Step 4: Establish Modification Protocols in Advance
Following precedents established to deal with earthquakes triggered during the development of enhanced geothermal systems, operators and regulators should jointly establish operational protocols for injection sites located in areas where there is concern about the potential for triggered seismicity. These protocols are sometimes referred to as “traffic light” systems.
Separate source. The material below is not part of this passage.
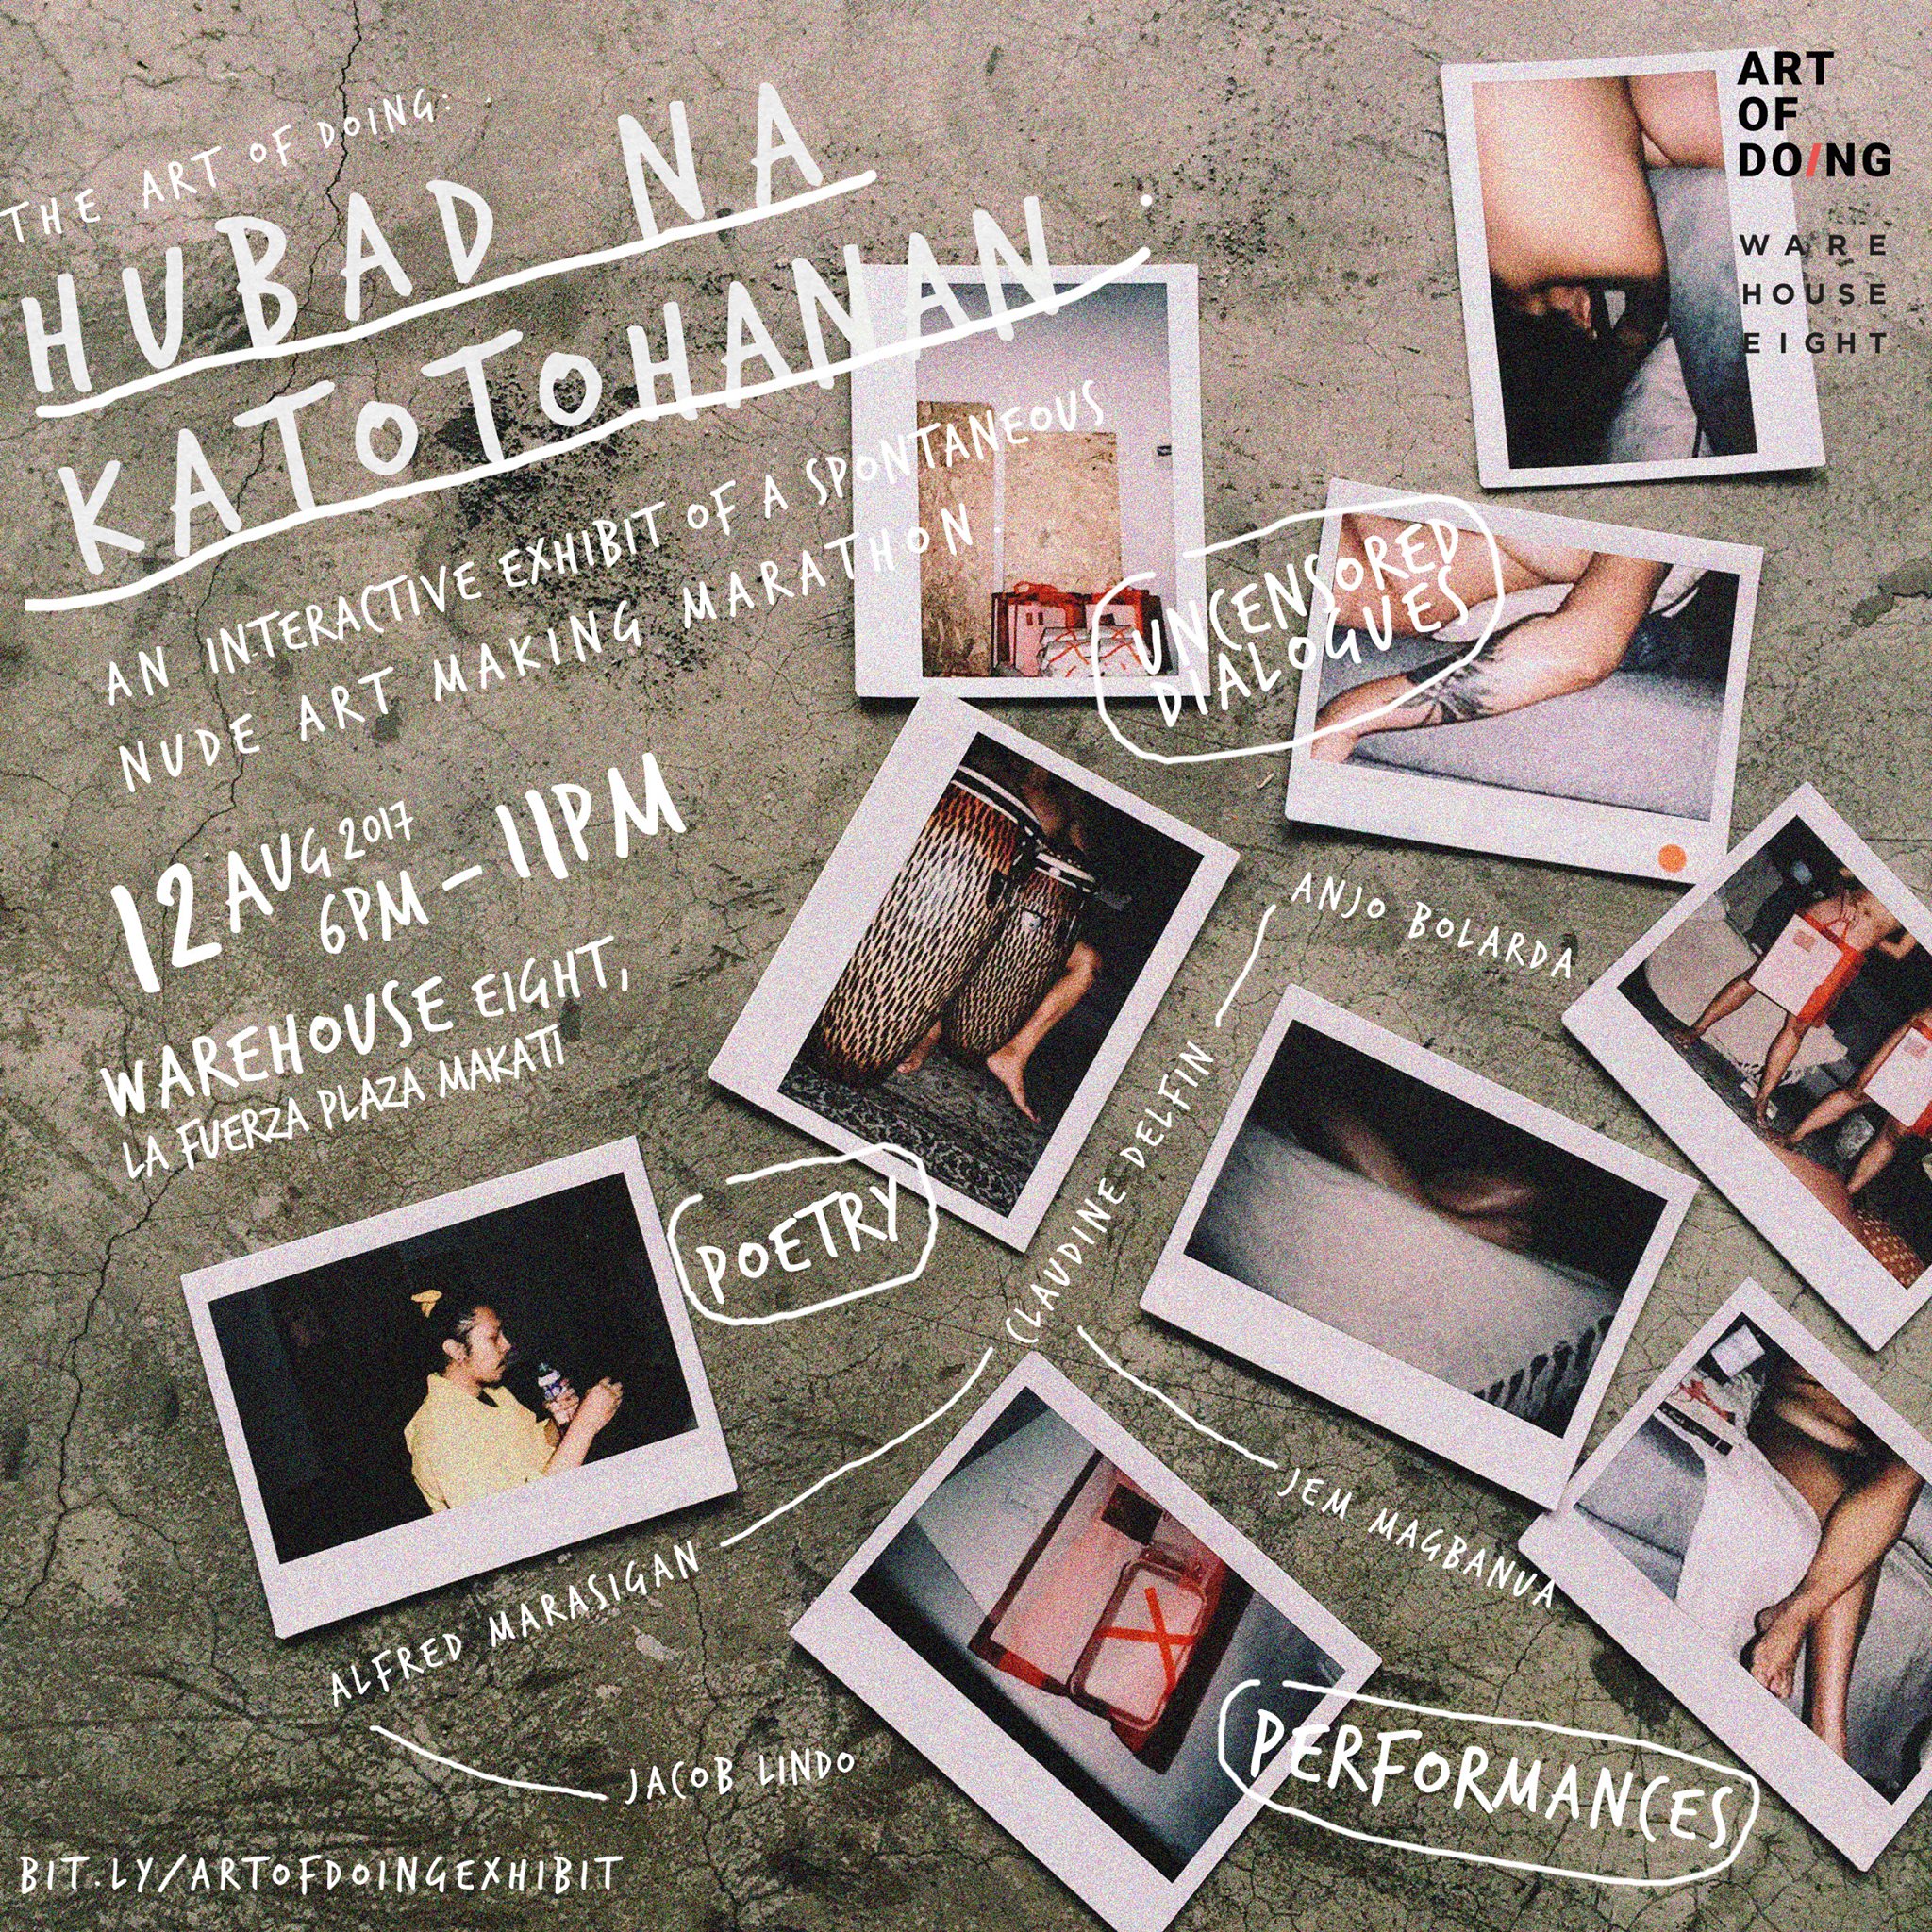 AUG 12 Hubad Na Katotohanan Exhibit by The Art of Doing Public · Hosted by Warehouse Eight and Art of Doing PH Going clock Saturday, August 12 at 4 PM - 11 PM 2 days ago pin Show Map Warehouse Eight 2241 Don Chino Roces Ave. Warehouse 8-B, 1231 Makati About Discussion 307 Went · 2.7K InterestedSee All April Mae, Lex and 5 other friends went Details "Hubad na Katotohanan" is the first initiative of ART OF DO/NG that aims to create a platform for genuine dialogues and connections. The exhibit will feature 200+ one-off nude portraits created from a collaborative one-day art sketching marathon with strangers and five carefully selected multidisciplinary artists. There will be uncensored poetry and dialogues about art. ART OF DO/NG is the practice of following your gut despite fear, to thrive in moments of pure passion. It's an interactive platform where art is more accessible, and the audience are deeply involved in the messy and often intimidating process of creation. It seeks to deepen art appreciation by letting the audience learn by doing. AOD celebrates multidisciplinary forms of expression and focus on the creative experience and on engaging the community rather than the output. Featured Artists: Jem Magbanua Jacob Lindo Alfred Marasigan Anjo Bolarda Claudine Delfin (No Entrance Fee) ALL ARTWORKS COSTS 2,500 ONLY Venue: Warehouse Eight, La Fuerza Plaza, 2241 Chino Roces Ave., Makati 1231 6:00-11:00pm Free Admission Art exhibition Drawing Poetry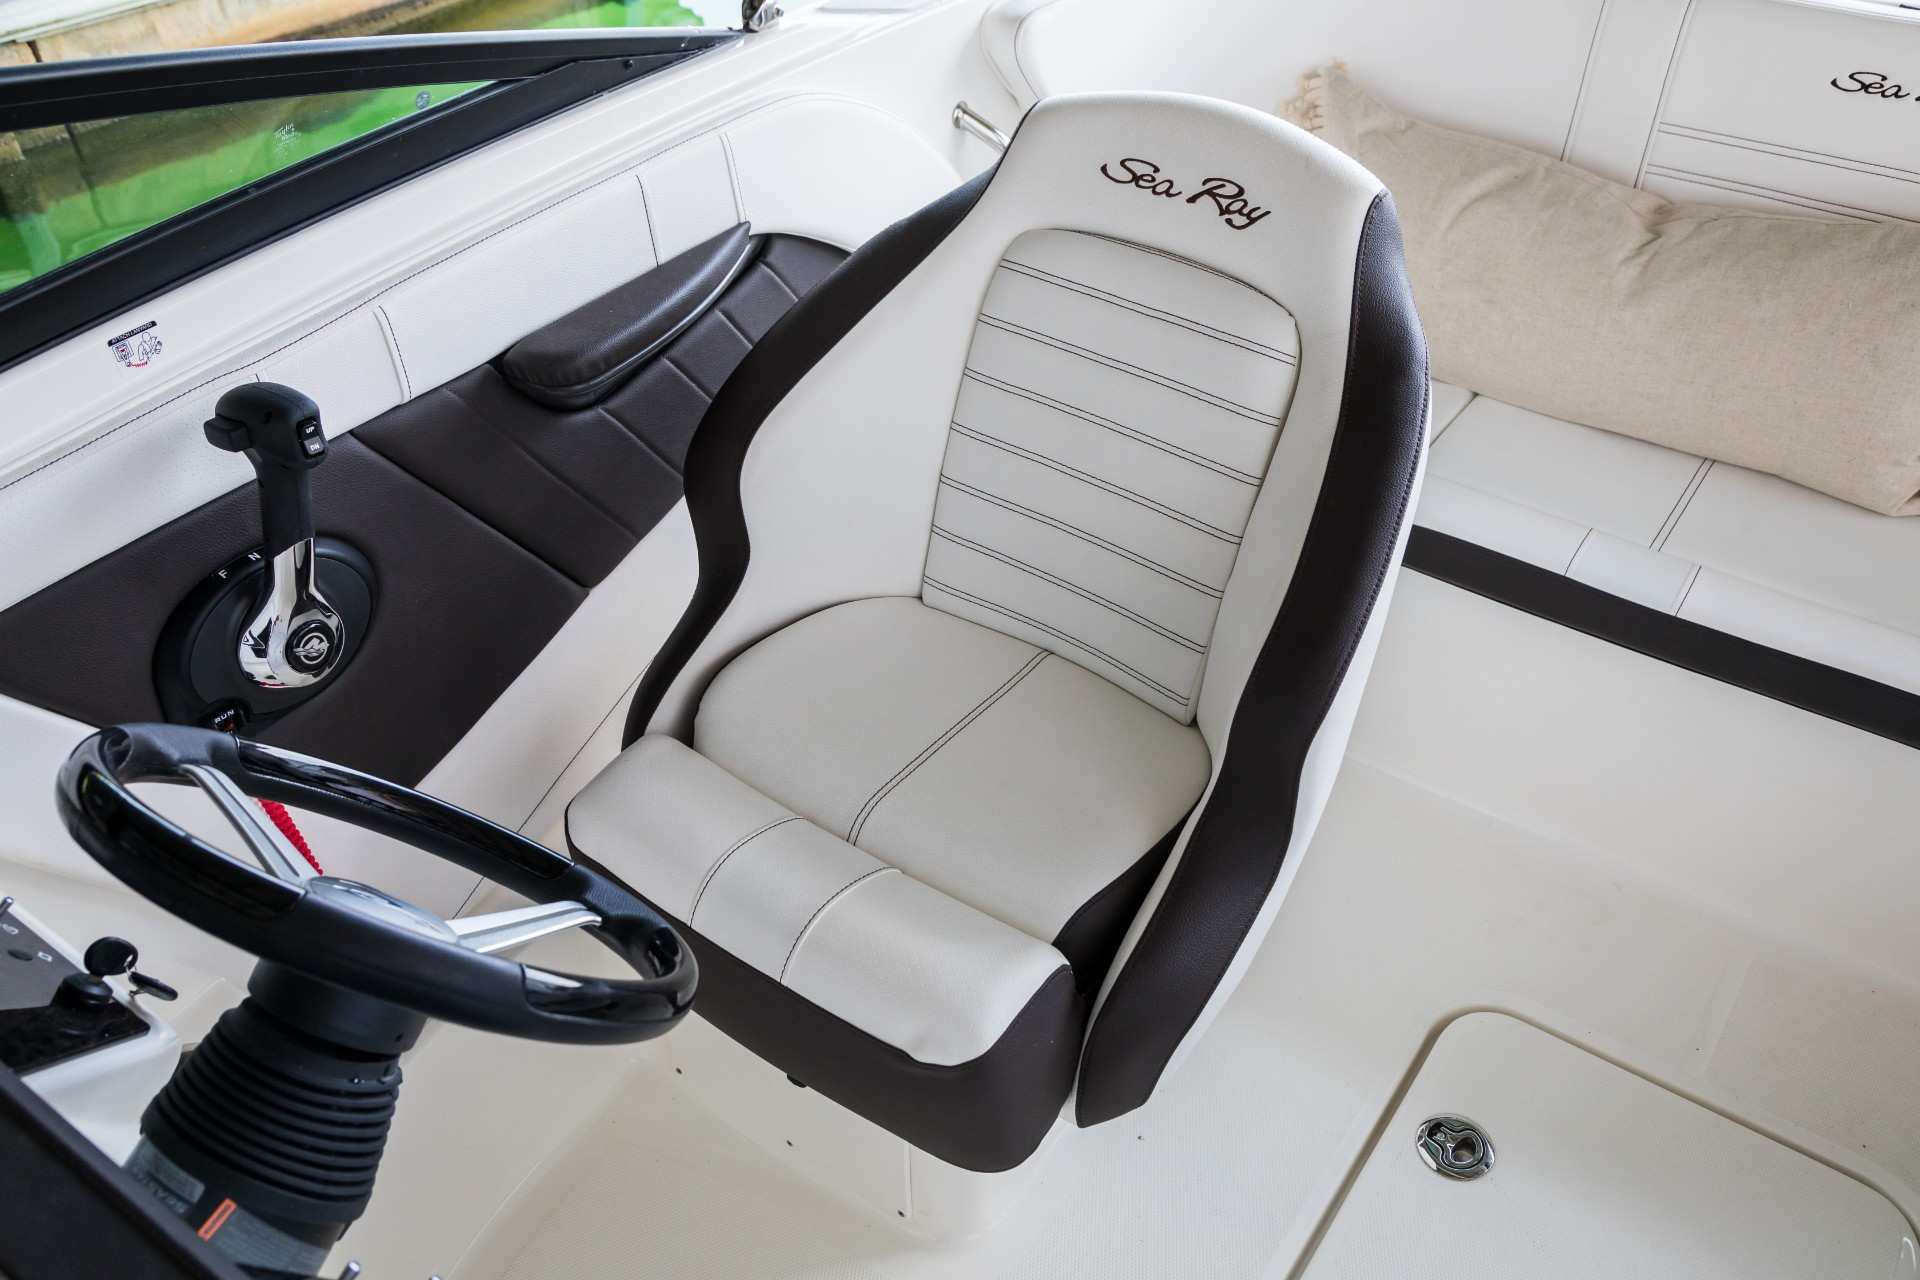 SPX 190 Outboard helm seat

Green means go: Once operational protocols and local seismic networks are in place and injection begins at agreed-upon rates, operators would have a green light to continue unless earthquakes begin to occur that appear to be related to injection. The occurrence of seismicity would be a cautionary yellow light. Once seismicity occurs, operators would slow injection rates and study the relationship between the seismicity and injection. Should seismicity cease, operations could potentially continue at reduced injection rates. In fact, it was demonstrated 40 years ago at Rangely that earthquakes could be turned on and off by modulating the injection rate and resultant increase in pore pressure at depth. With such protocols in place, the potential occurrence and associated response to triggered seismicity are pre-defined and known to all parties.
Step 5: Be Prepared to Alter Plans or Abandon Wells
In the same way that it’s important to plan for the possibility of triggered seismicity in advance, we have to be prepared to reduce injection rates, or even abandon wells if triggered seismicity cannot be stopped by limiting injection rates. That would be the red traffic light: Seismicity has been detected that appears to be associated with a fault potentially capable of producing a moderate-sized earthquake. In the case of the Arkansas triggered earthquakes, as well as a series of quakes thought to have been caused by wastewater injection in the Barnett Shale in Texas near the Dallas-Fort Worth metro area in 2008, the seismicity abated once injection in the problematic wells was terminated.
Overall, it is important for the public to recognize that the risks posed by injection of wastewater are extremely low. In addition, the risks can be minimized further through proper study and planning prior to injection, careful monitoring in areas where there is a possibility that seismicity might be triggered, and operators and regulators taking a proactive response if triggered seismicity were to occur.